**Raw data:**
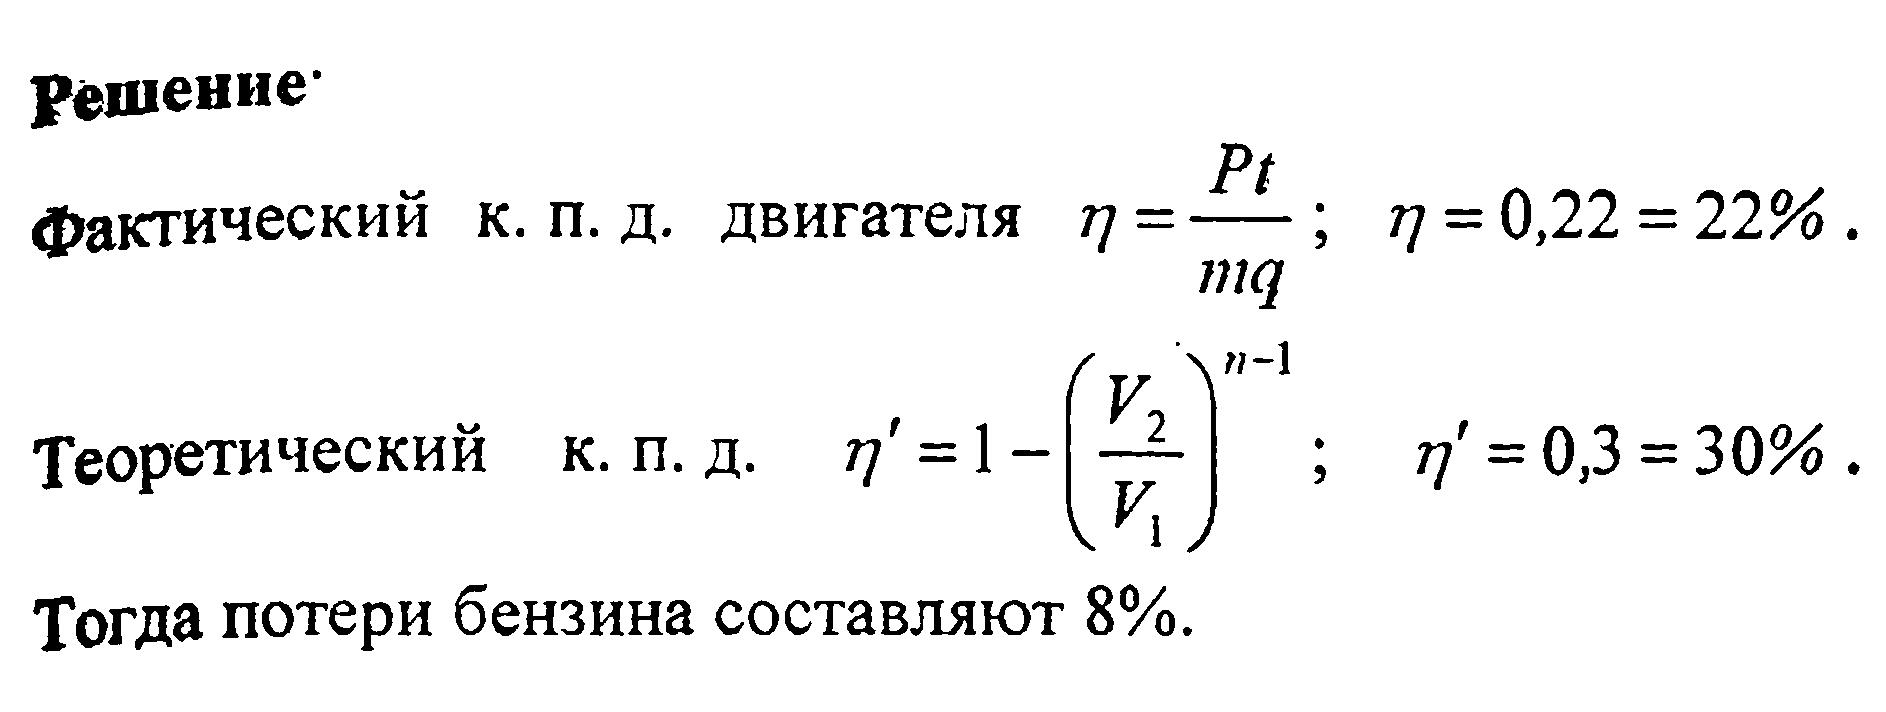 решений задач и контрольных Молекулярная физика термодинамика № Примеры решений задач и контрольных Молекулярная физика термодинамика №42
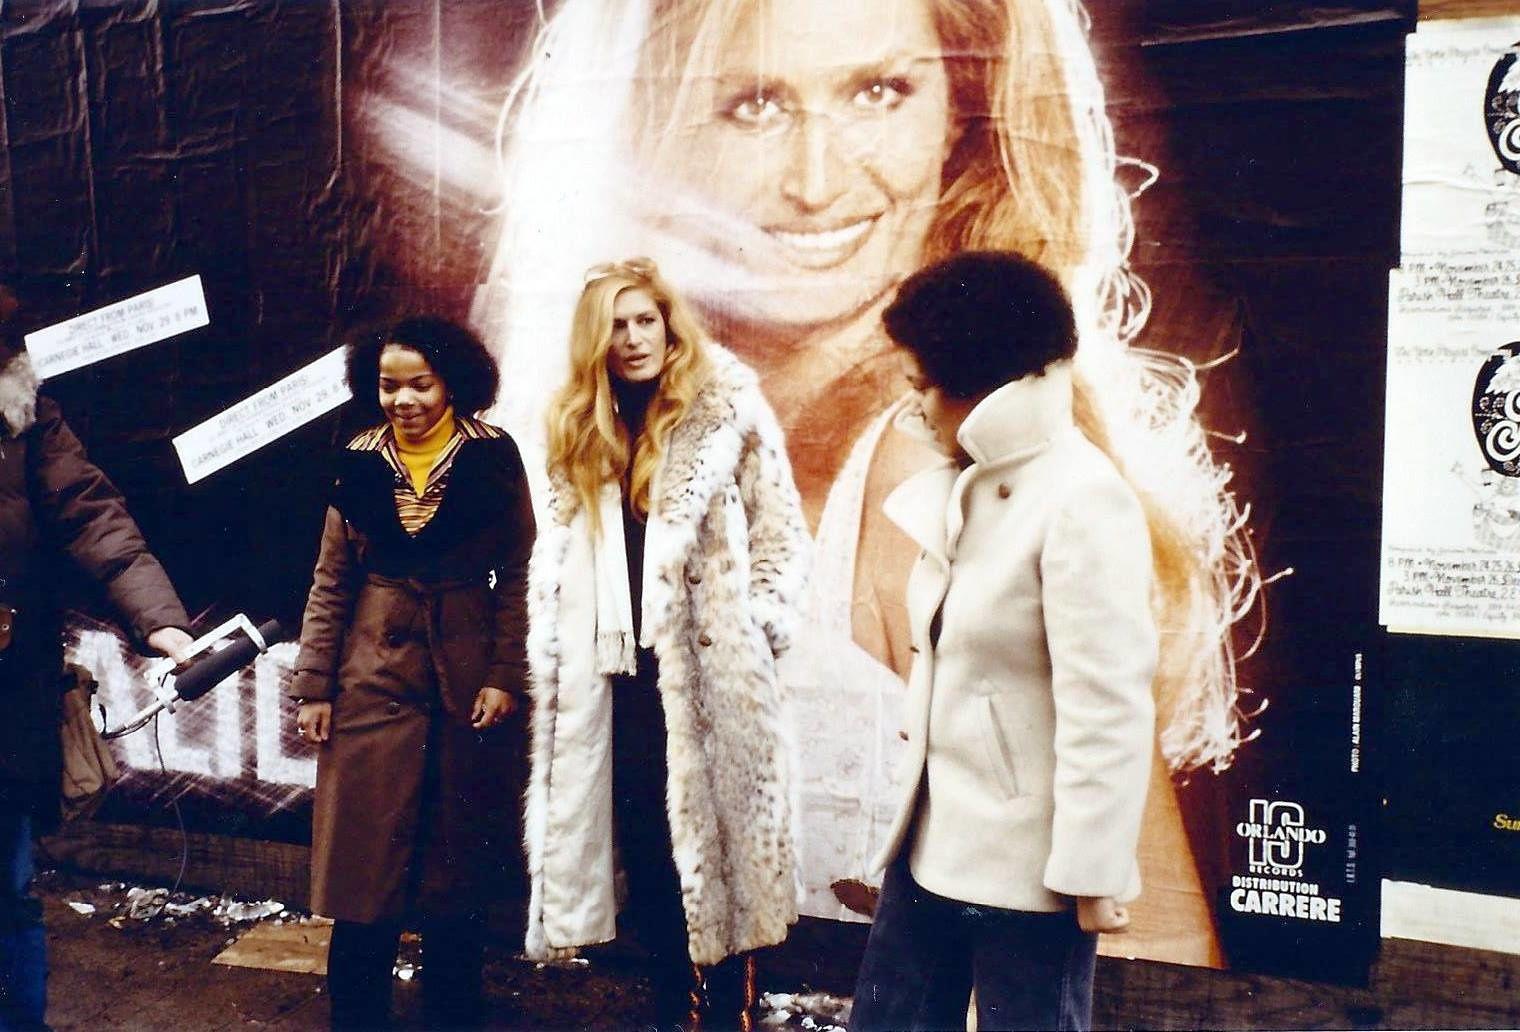 La photo ayant annoncé le dernier spectacle de Dalida donné à l'Olympia illustre également sa venue à New York. Dalida la retrouve affichée un peu partout dans la ville.
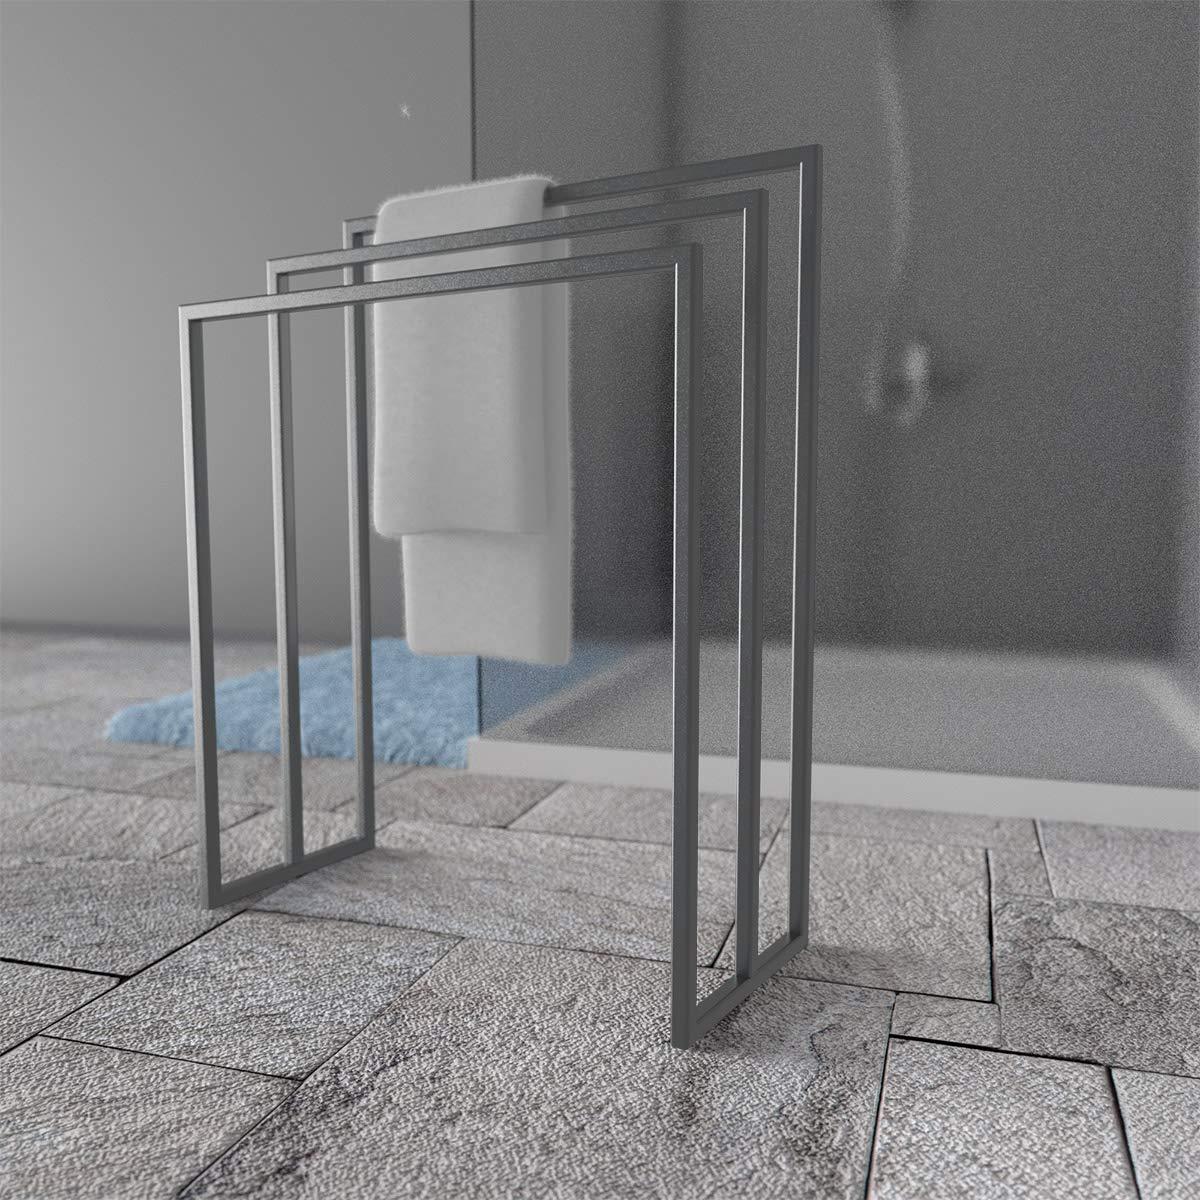 HOLZBRINK Metall Handtuchhalter Handtuchhalter Handtuchhalter für Badezimmer Kleiderständer Freistehender Handtuchständer mit 3 Stangen, Perldunkelgrau, 82x70x30 cm (HxBxT), HLMH-02B-82-70-9023 B07NML1221 Handtuchstnder c69327

**Your assignment:** Transcribe the lines that run from the line bearing "La photo ayant" through the last line of the data. Keep the wording exact and leave out every picture.

**Result:**
 La photo ayant annoncé le dernier spectacle de Dalida donné à l'Olympia illustre également sa venue à New York. Dalida la retrouve affichée un peu partout dans la ville.
 HOLZBRINK Metall Handtuchhalter Handtuchhalter Handtuchhalter für Badezimmer Kleiderständer Freistehender Handtuchständer mit 3 Stangen, Perldunkelgrau, 82x70x30 cm (HxBxT), HLMH-02B-82-70-9023 B07NML1221 Handtuchstnder c69327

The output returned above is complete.